# Assassin Snail vs Apple Snail



## Daniil (Oct 30, 2009)

Is it possible for Assassin Snail eat Yellow Apple Snail or Apple Snail can hide behind the door?


----------



## James He (Aug 24, 2009)

Daniil said:


> Is it possible for Assassin Snail eat Yellow Apple Snail or Apple Snail can hide behind the door?

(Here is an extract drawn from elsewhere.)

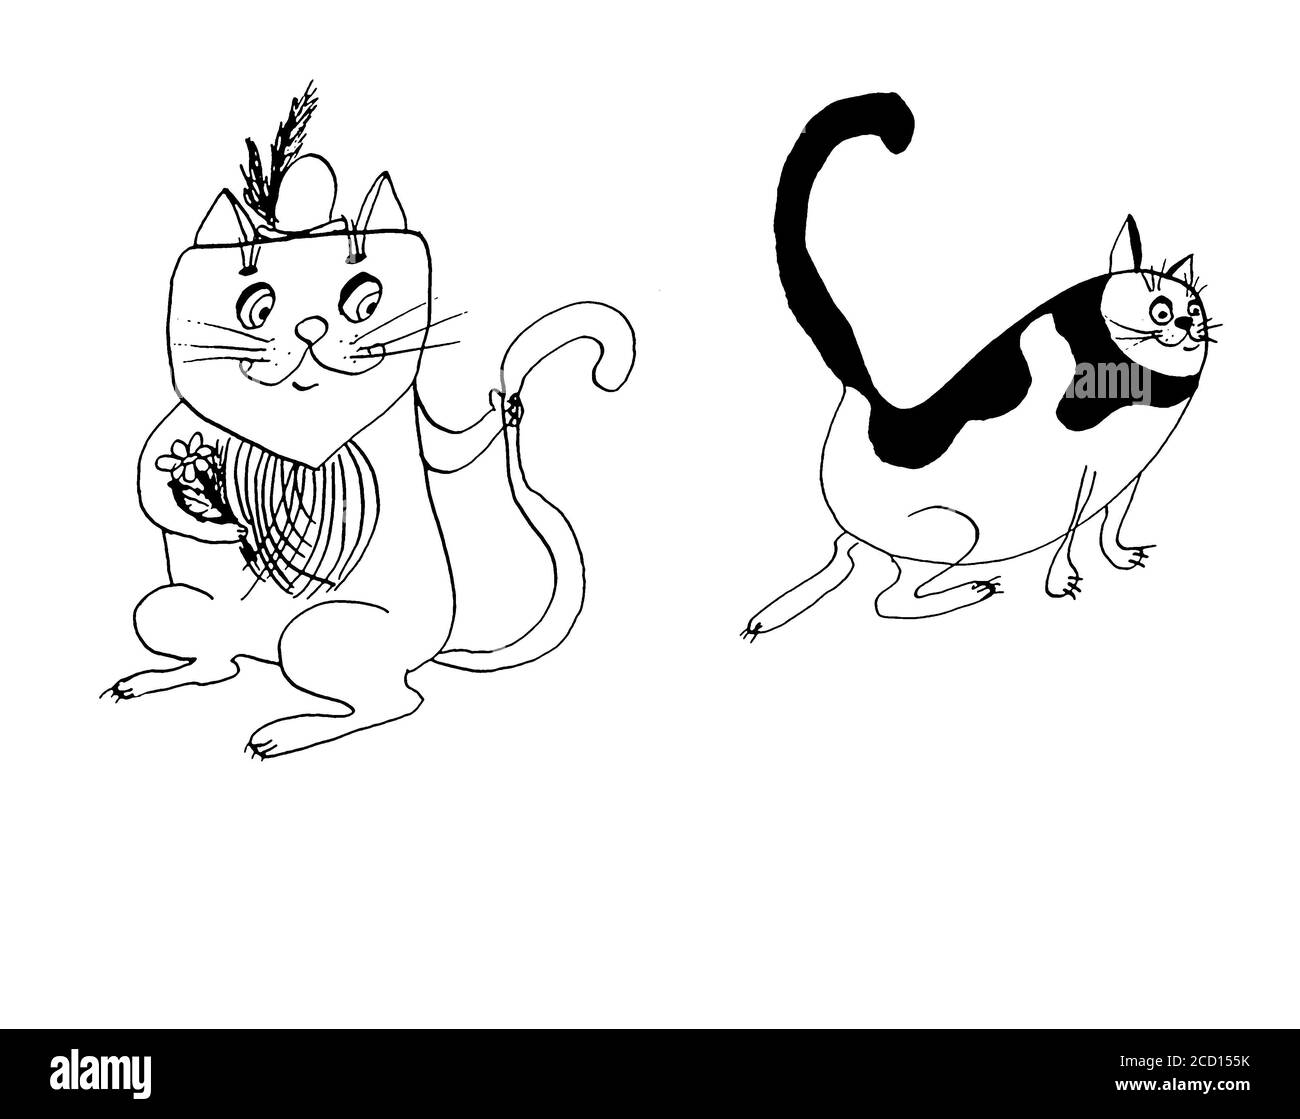 Einfache und minimale Katze Tinte Zeichnung. Zwei Katzen im Comic-Stil  Stockfotografie - Alamy

Not a good idea to put two type of snail in same tank.

James


----------



## khanzer22 (Nov 30, 2009)

I had Assassin and Nerite snails in my tank and the Assassins don't bother the Nerites (too big for them I believe) but they're good hunters of ponds and MTS


----------



## Daniil (Oct 30, 2009)

Thank you


----------



## digital_gods (Apr 23, 2010)

Assassin Snail vs. Apple Snail sounds like something Myth busters should test. Who knows what Jamie would blow up in that episode.


----------



## Chrom0zone (Jun 4, 2006)

If the AS are hungry they will follow the slime path left by the other snails and they can gang up and kill the larger snails. 
I lost an Nertie that was about 3/4 of an inch. I did not see the hunt, only the aftermath (empty snail). I moved them out to a tank with only MTS, they got all the adult MTS in a few days.


----------